Why disc golf makes sense for Singapore

  • Beginner-friendly but endlessly skill-based
  • Low-impact, suitable for seniors, youth and mixed-ability players
  • Played outdoors, but at walking pace
  • Requires minimal equipment (a starter disc costs under S$30)
  • Can be set up in existing parks without permanent structures

“It’s basically taking your disc for a walk in the park,” DuBos added. “You don’t have to be fast, you just have to think.”

What happens after the SEA Games?

The hope is simple: land, legitimacy, and long-term access.

“If we can get just one permanent course, the sport will explode overnight,” (Justin) Tan said. “We already have the players, we just need the space.”

With the right support, disc golf could become:

▪ A CC-based weekend sport
▪ A school programme for all fitness levels
▪ A senior-friendly activity
▪ A tourism sport, like in Japan, Korea, Finland and the U.S.
▪ A SEA-level medal event by 2029

Singapore is uniquely positioned.
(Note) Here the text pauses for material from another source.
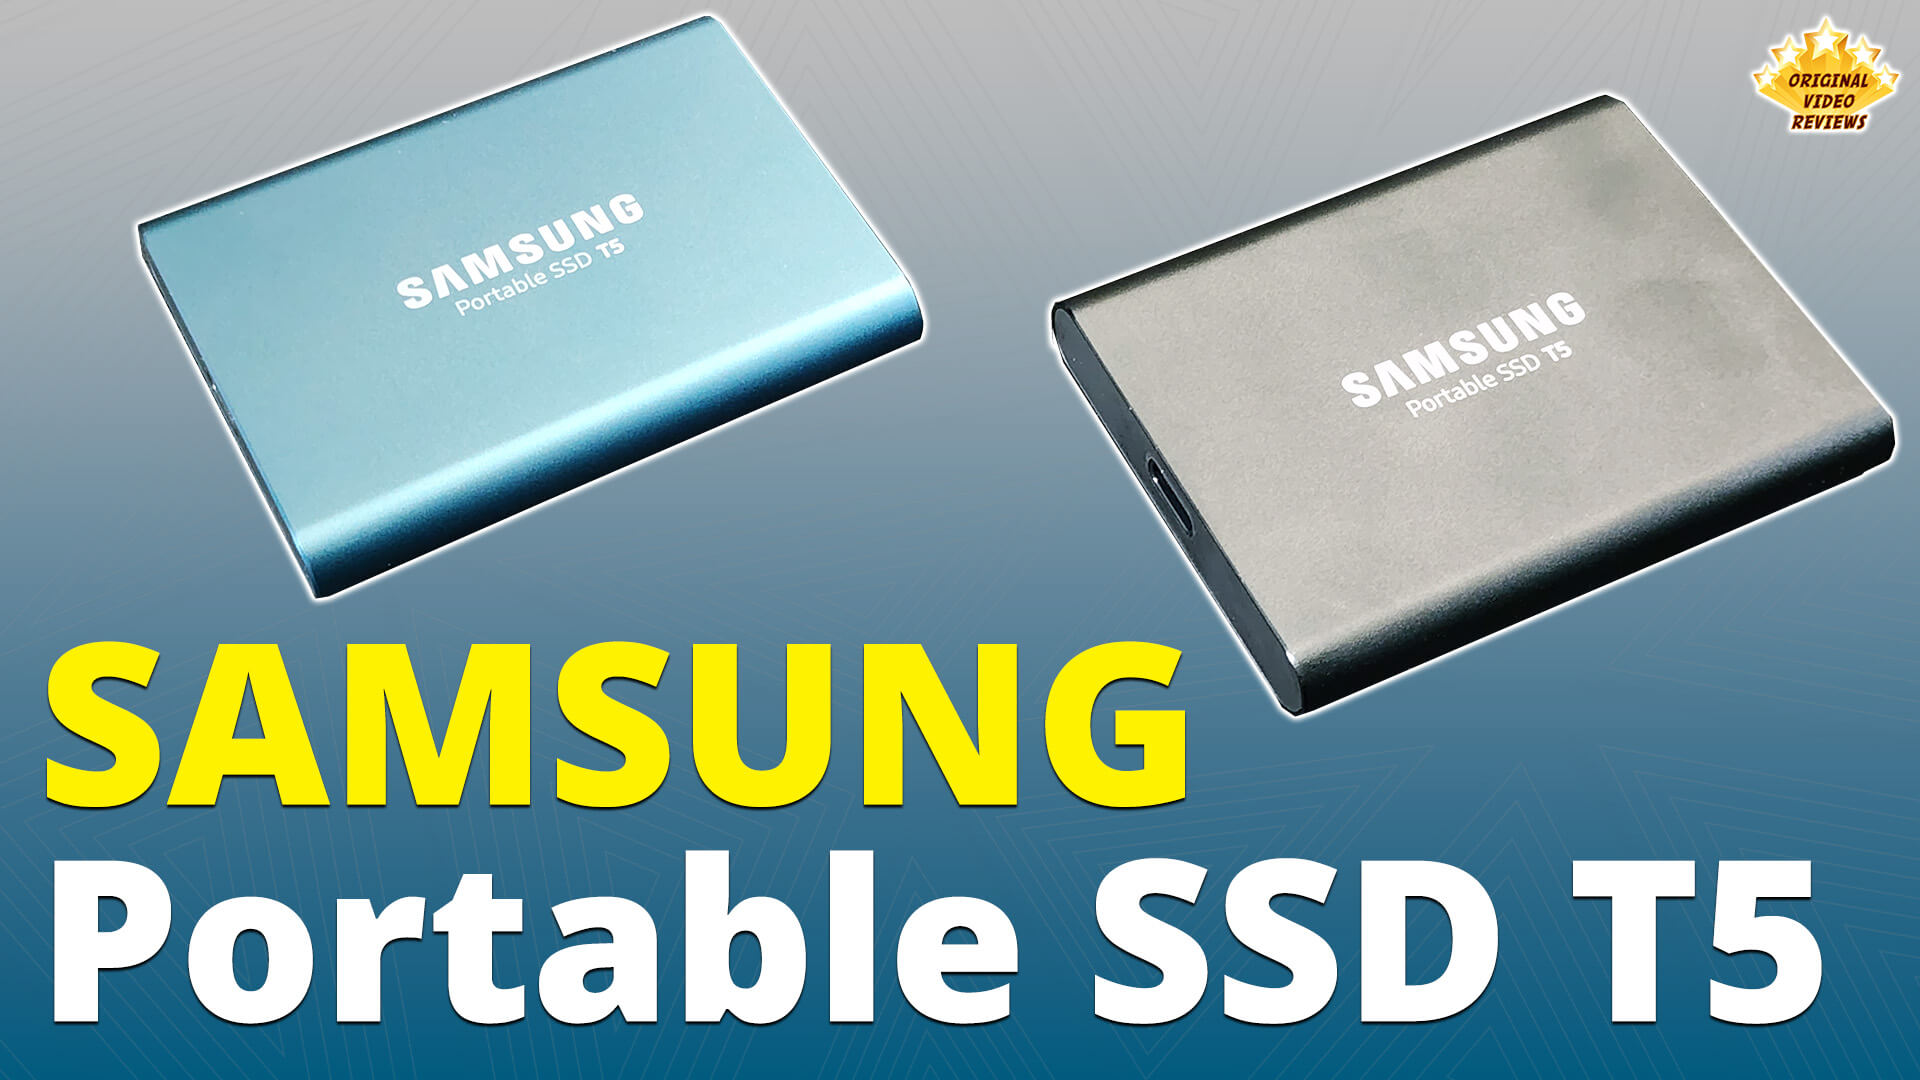 Afledning Sved Arbejdsgiver SAMSUNG T5 Portable SSD 1TB - Original Video Reviews

It has more accessible green pockets than most cities of its size. The only missing ingredient is approval.

The flight path ahead

Disc golf may not have arenas, grandstands or broadcast deals yet, but it has something harder to build: a patient, creative, community-first culture.

“There’s nothing as beautiful as a flying disc following the exact path you imagined,” DuBos shared. “That’s what keeps us playing and that’s what we hope more people get to experience.”

Should anyone be keen to try, the SG Disc Golf Club runs beginner-friendly casual sessions weekly. Discs are provided, no experience needed.